Com muito medo, ela teme andar na rua, com ou sem a filha. Ela é avó e uma
espécie de mãe pro menino de três anos que a filha deu à luz aos 13 anos. O pai
dele, morador de uma comunidade da Zona Norte e quatro anos mais velho que a
garota, nunca quis registrar o menino. Era ligado ao tráfico e morreu baleado
no ano passado durante um confronto. Agora, além de dar colo ao neto, a
pedagoga dá também à filha, junto de uma frase de consolo:
— Poderia ter sido pior.
As poucas saídas da jovem têm sido para ir ao hospital ou à
delegacia. Ontem à tarde, foi dia de novo depoimento na Delegacia de Repressão
aos Crimes de Informática (DRCI), que investiga o caso. A menina foi ao quarto
trocar de roupa, voltou para a sala vestida com blusa e saião. No almoço
apressado, antes que o carro de polícia chegasse, chegou à sala de estar, com
passinhos miúdos, seu filho de 3 anos, ainda sonolento. A adolescente colocou o
pequeno no colo, perguntou se ele queria umas garfadas de arroz com feijão. Ele
não respondeu, e dormiu nos seus braços.
Mais quieto que o usual, segundo os pais da moça, o menino
demonstra sentir, na sua intuição infantil, que algo afetou a casa.
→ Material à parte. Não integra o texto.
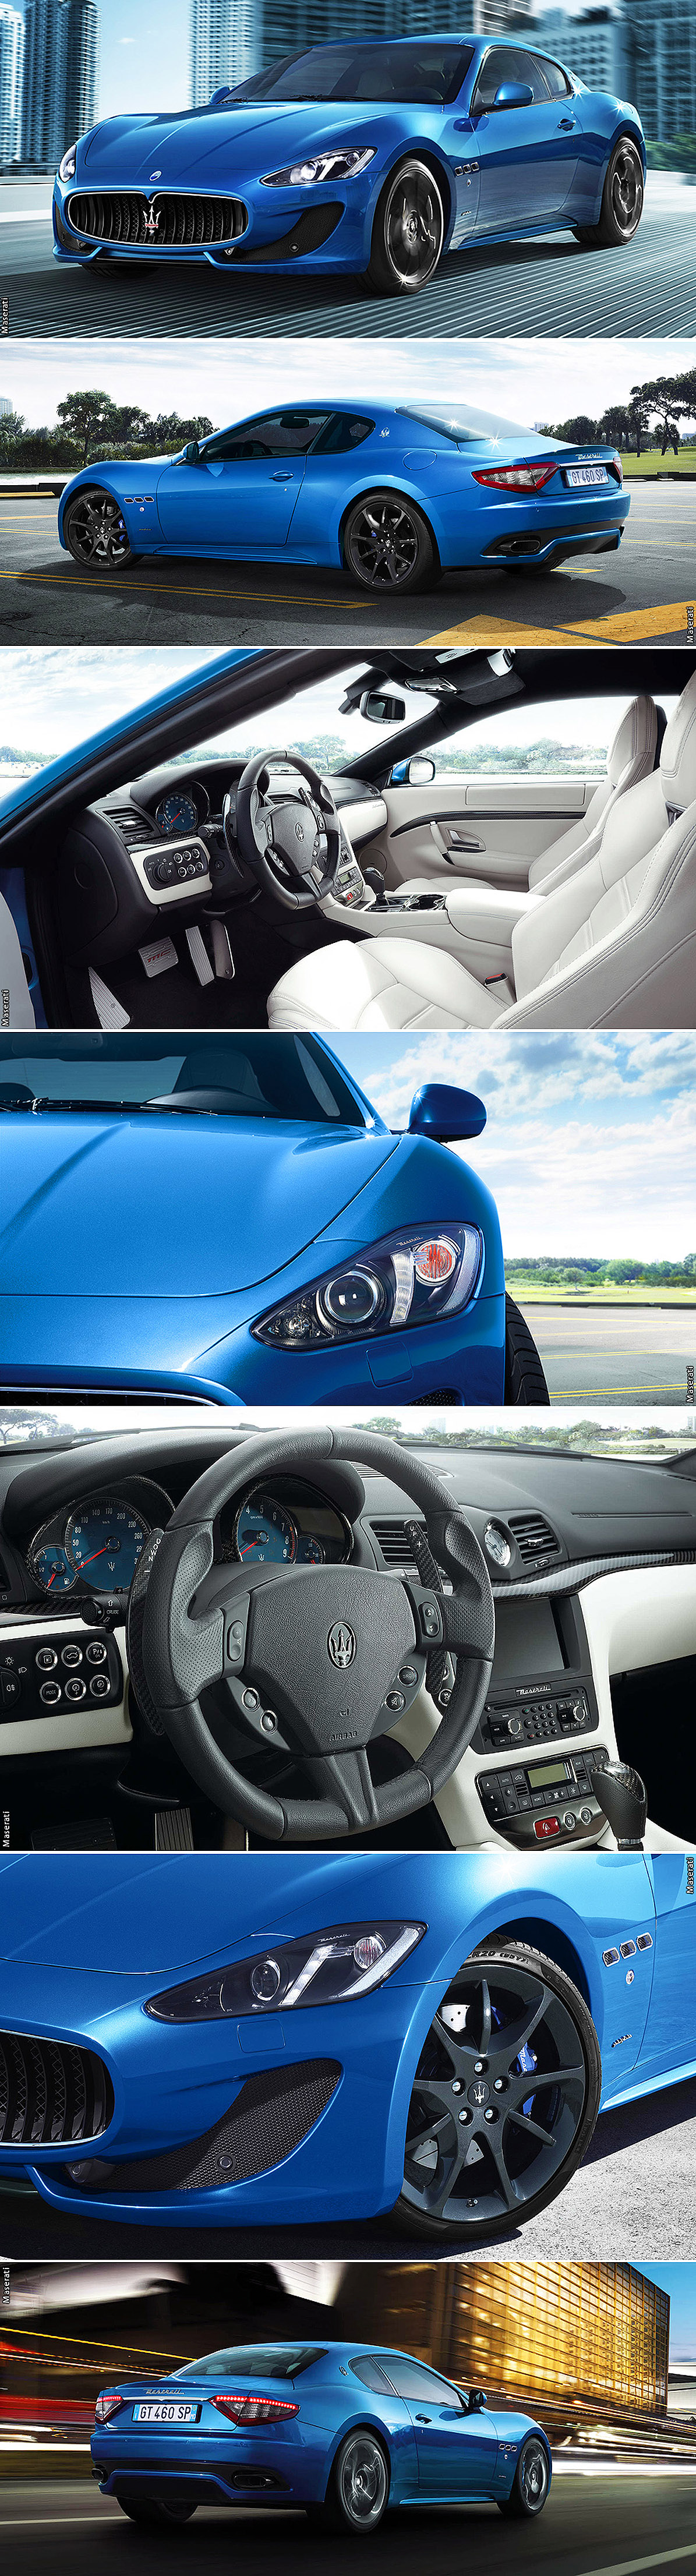 Maserati GTurismo=
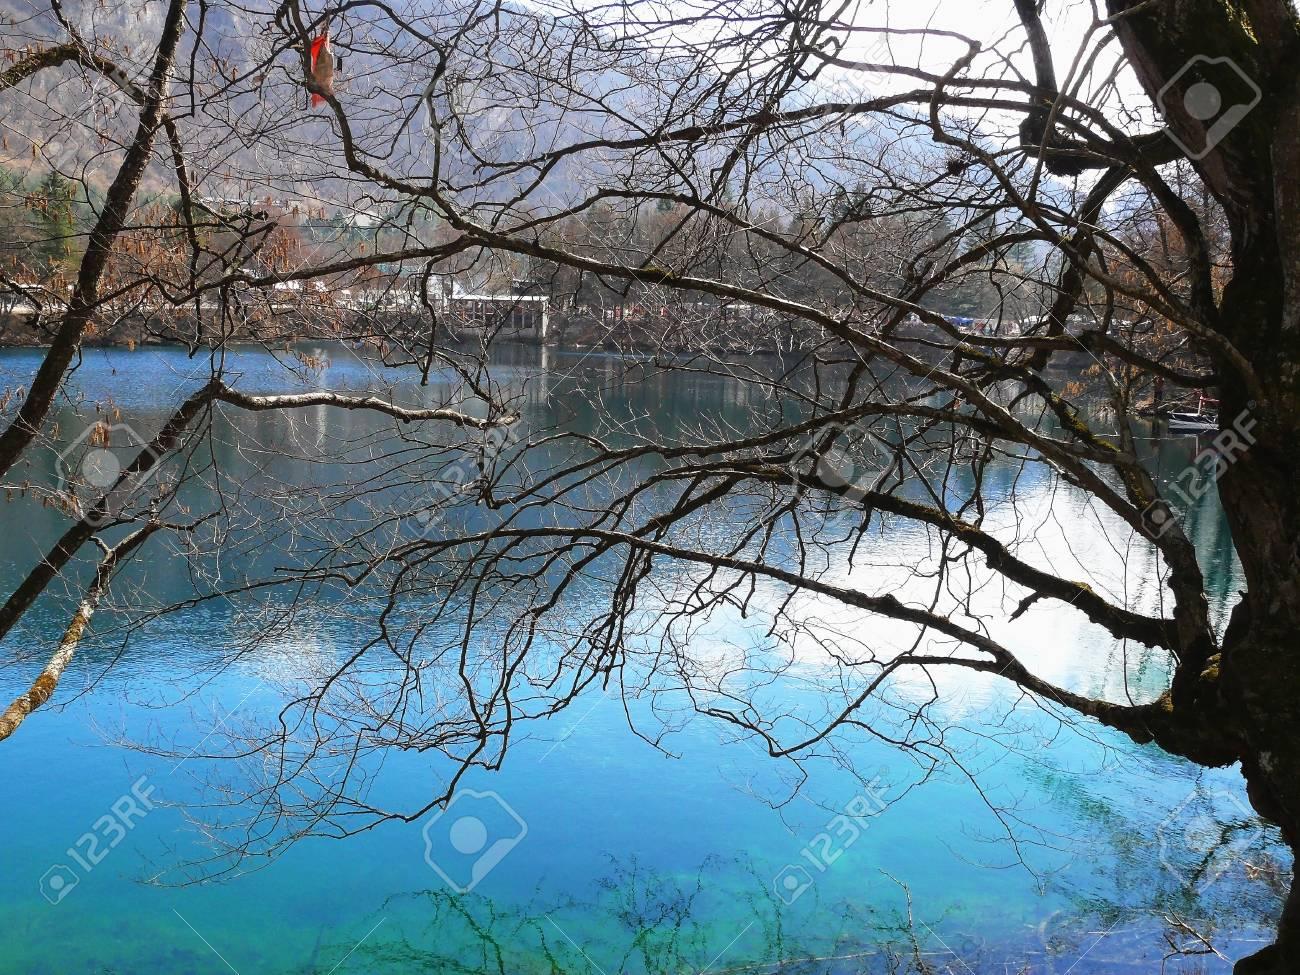 Kabardino-Balkaria. Blue Lakes where are located 74

FAMÍLIA PENSA EM DEIXAR O RIO
Desde o crime, a já difícil rotina da casa mudou. Jornalistas não
param de ligar — enquanto a reportagem do GLOBO esteve no local, foram três
telefonemas. Anteontem, um grupo de amigas foi visitar a garota. Para ver a
menina pessoalmente, por enquanto, só visitando. A casa, num condomínio com
academia e área de lazer que deveria ser um “lar” para a família desde que se
mudaram, há três anos, tornou-se nos últimos dias uma espécie de esconderijo.
A jovem, que já não ia à escola pública em que estuda desde o início
do ano, agora nem pensa em sair de casa, por medo. Também não sabe ao certo
como quer que seja seu futuro. Quer casar, ter mais filhos. Se depender dos
pais, no entanto, o recomeço será longe. Eles querem sair da cidade e evitar
que a jovem lembre a todo momento do que enfrentou. Ainda não escolheram o
destino. Por enquanto, na matemática da dor, a certeza é que trinta e três
homens, incitados pelo machismo, foram capazes de, ao violentar o corpo de uma
adolescente, dilacerar a vida dela e de mais três pessoas.